**Exercise data:**

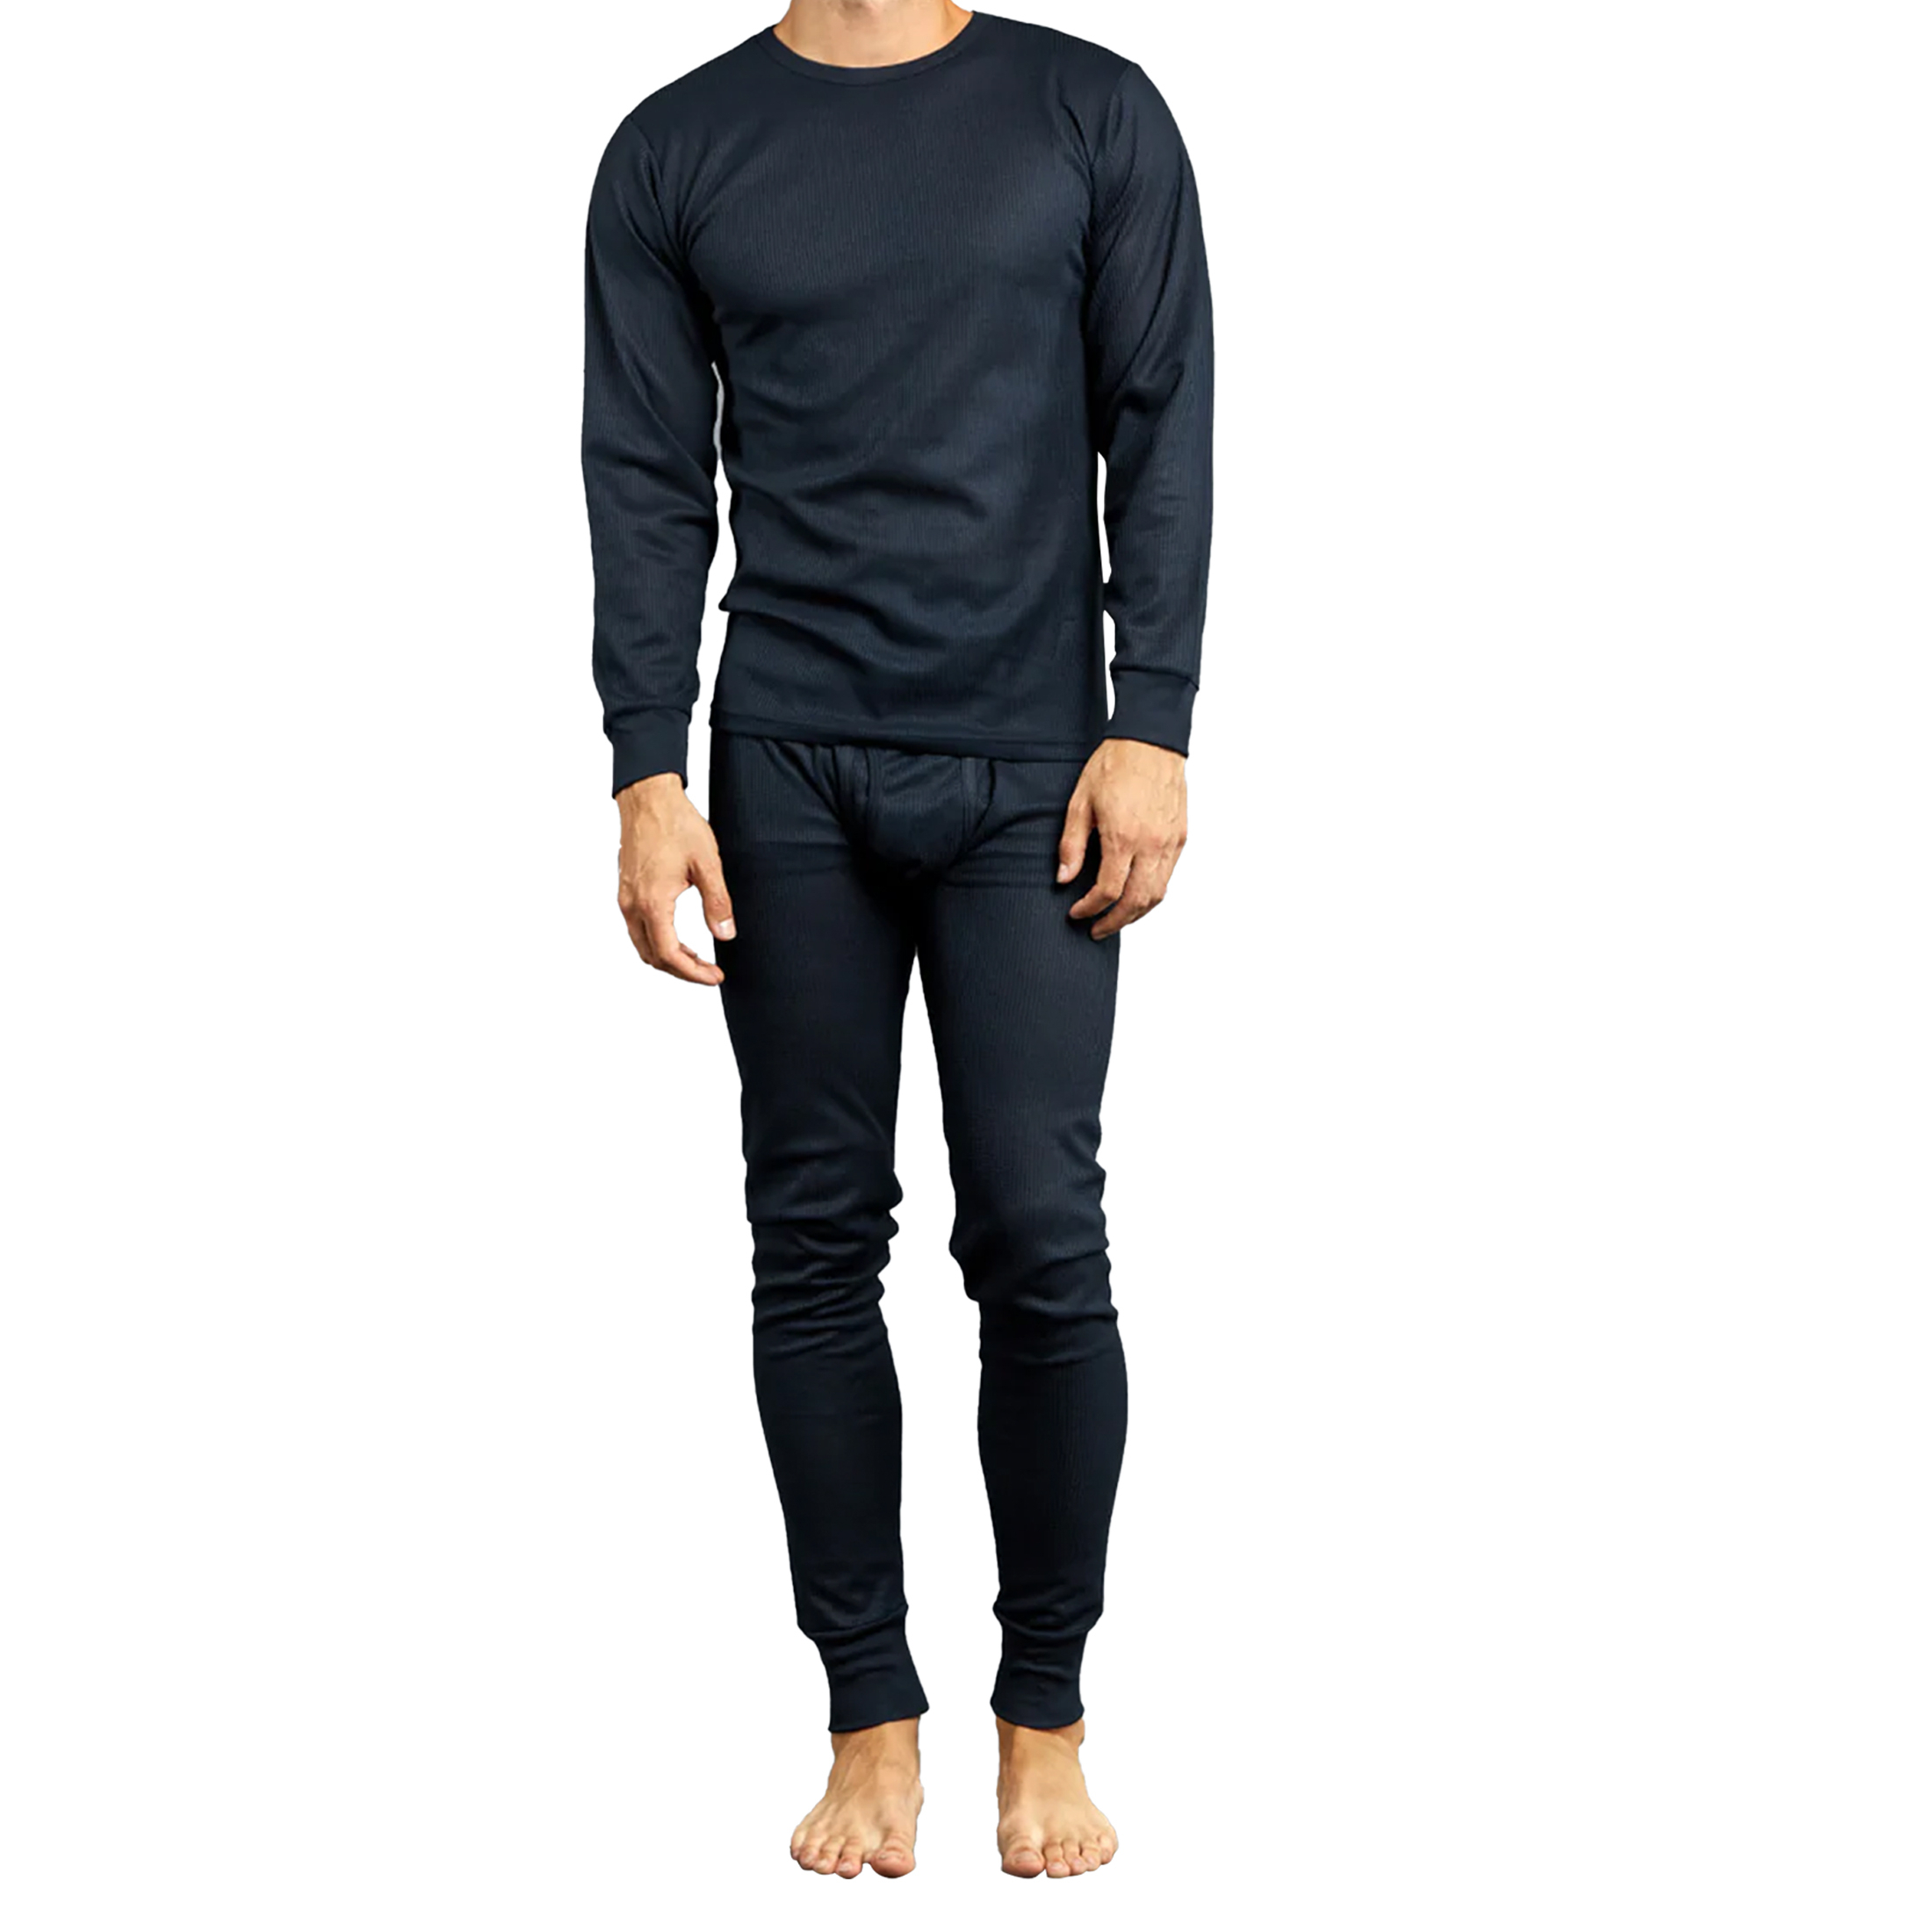 2-Piece: Men's Moisture Wicking Long Johns Base Layer Thermal Underwear Set (Top & Bottom) - Navy, Small
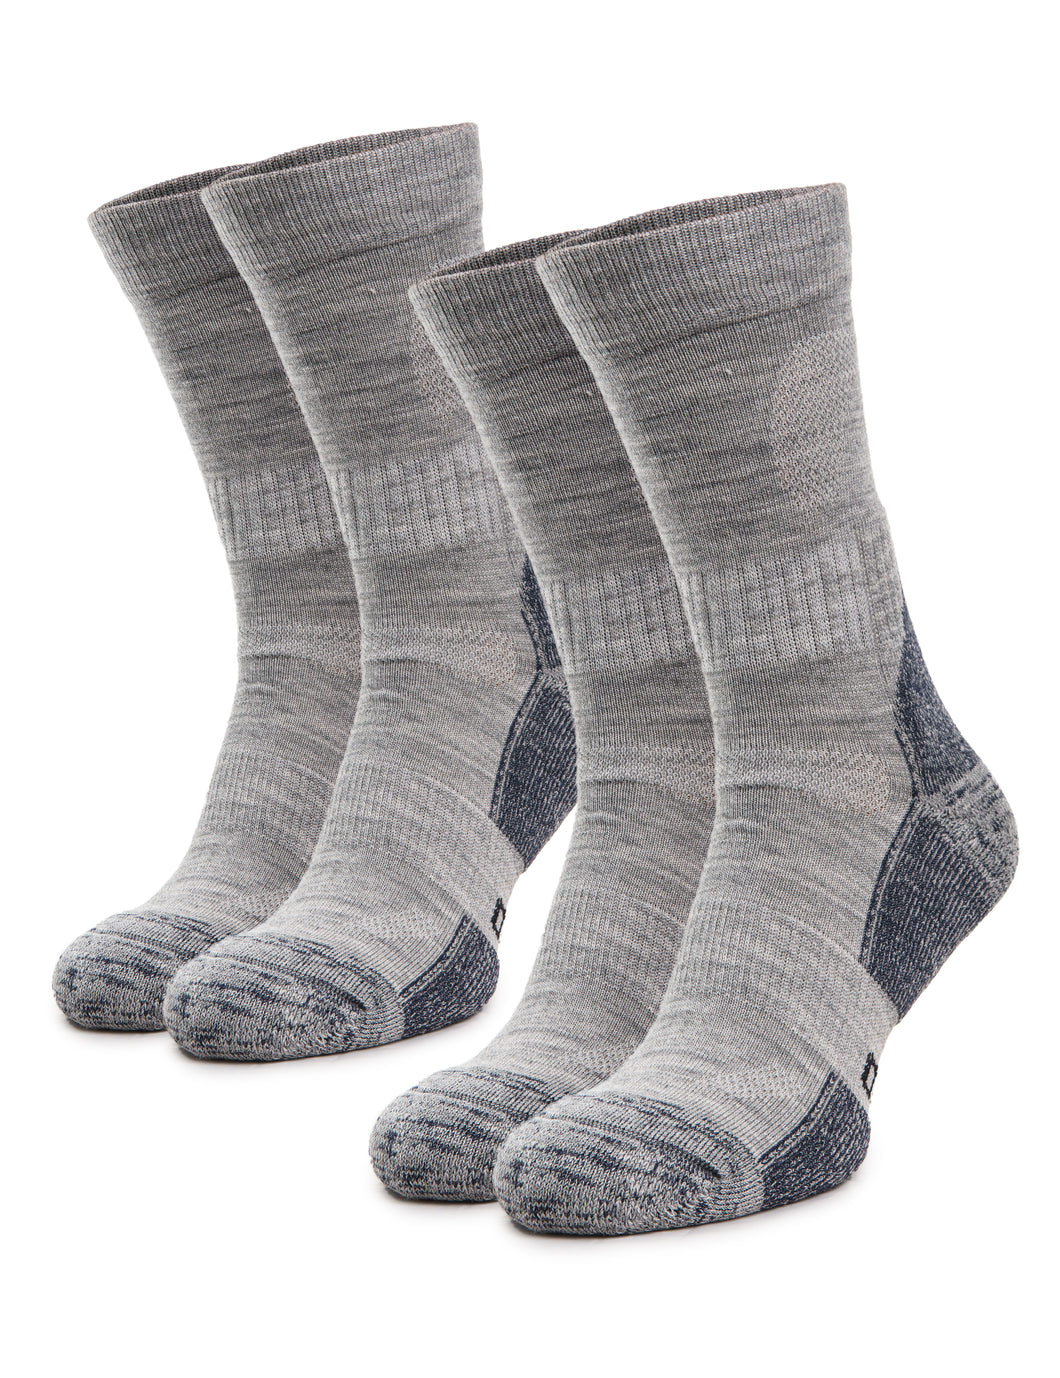 Merino Wool Hiking Socks - (Pack of 2) Asphalt
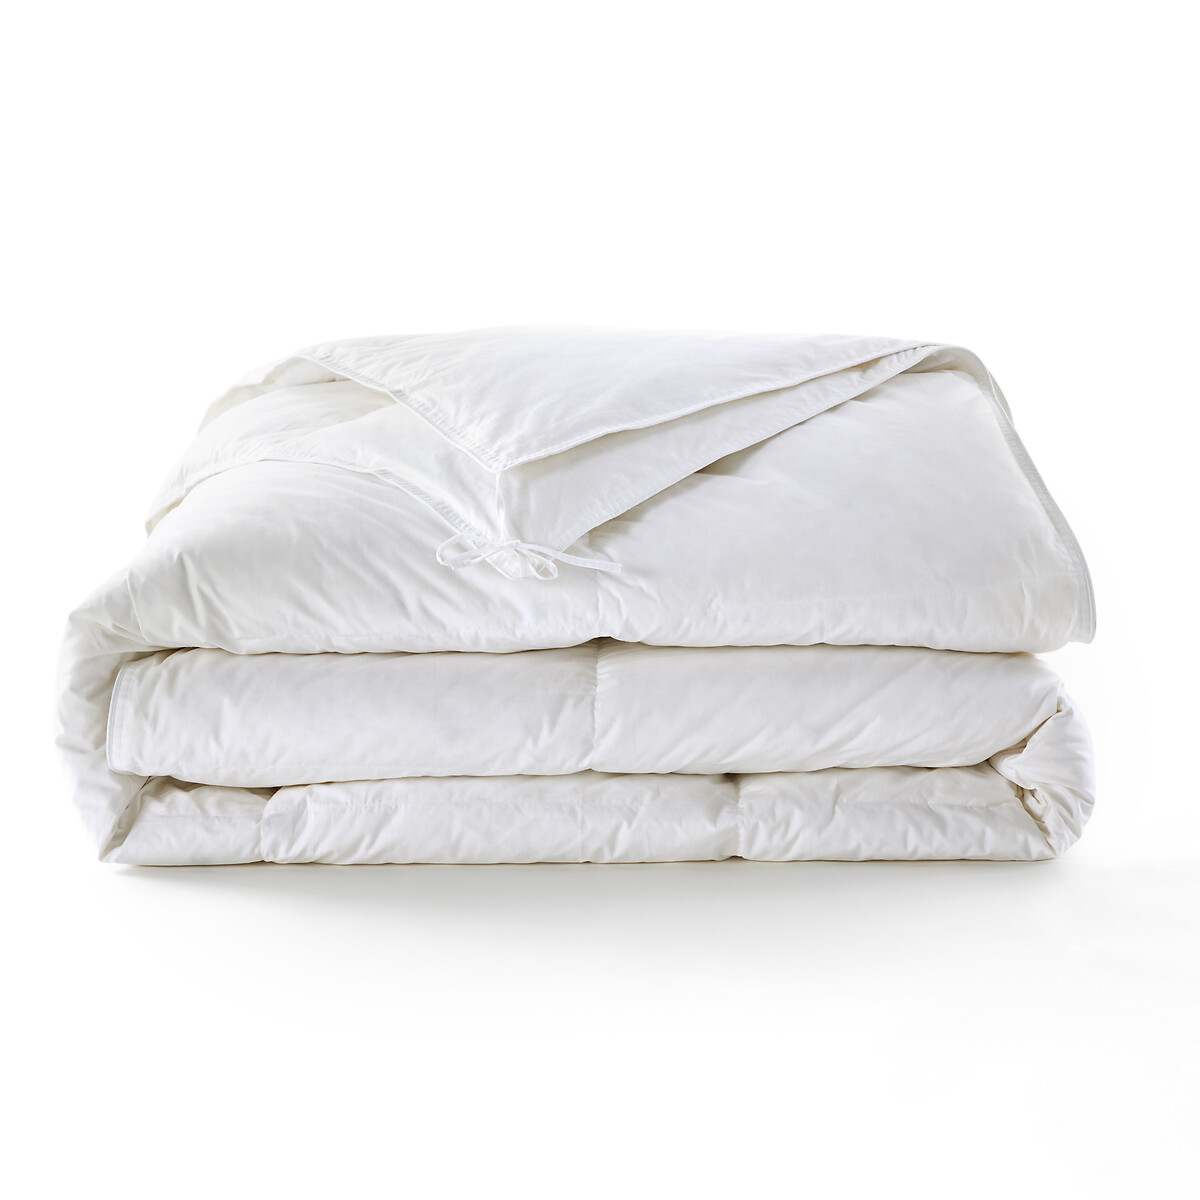 Одеяло LA REDOUTE INTERIEURS Одеяло 4 сезона натуральное 200 x 200 см белый, размер 200 x 200 см - фото 2

**Task to complete:** Output each line above exactly. Skip the images.

**Finished task:**
 2-Piece: Men's Moisture Wicking Long Johns Base Layer Thermal Underwear Set (Top & Bottom) - Navy, Small
 Merino Wool Hiking Socks - (Pack of 2) Asphalt
 Одеяло LA REDOUTE INTERIEURS Одеяло 4 сезона натуральное 200 x 200 см белый, размер 200 x 200 см - фото 2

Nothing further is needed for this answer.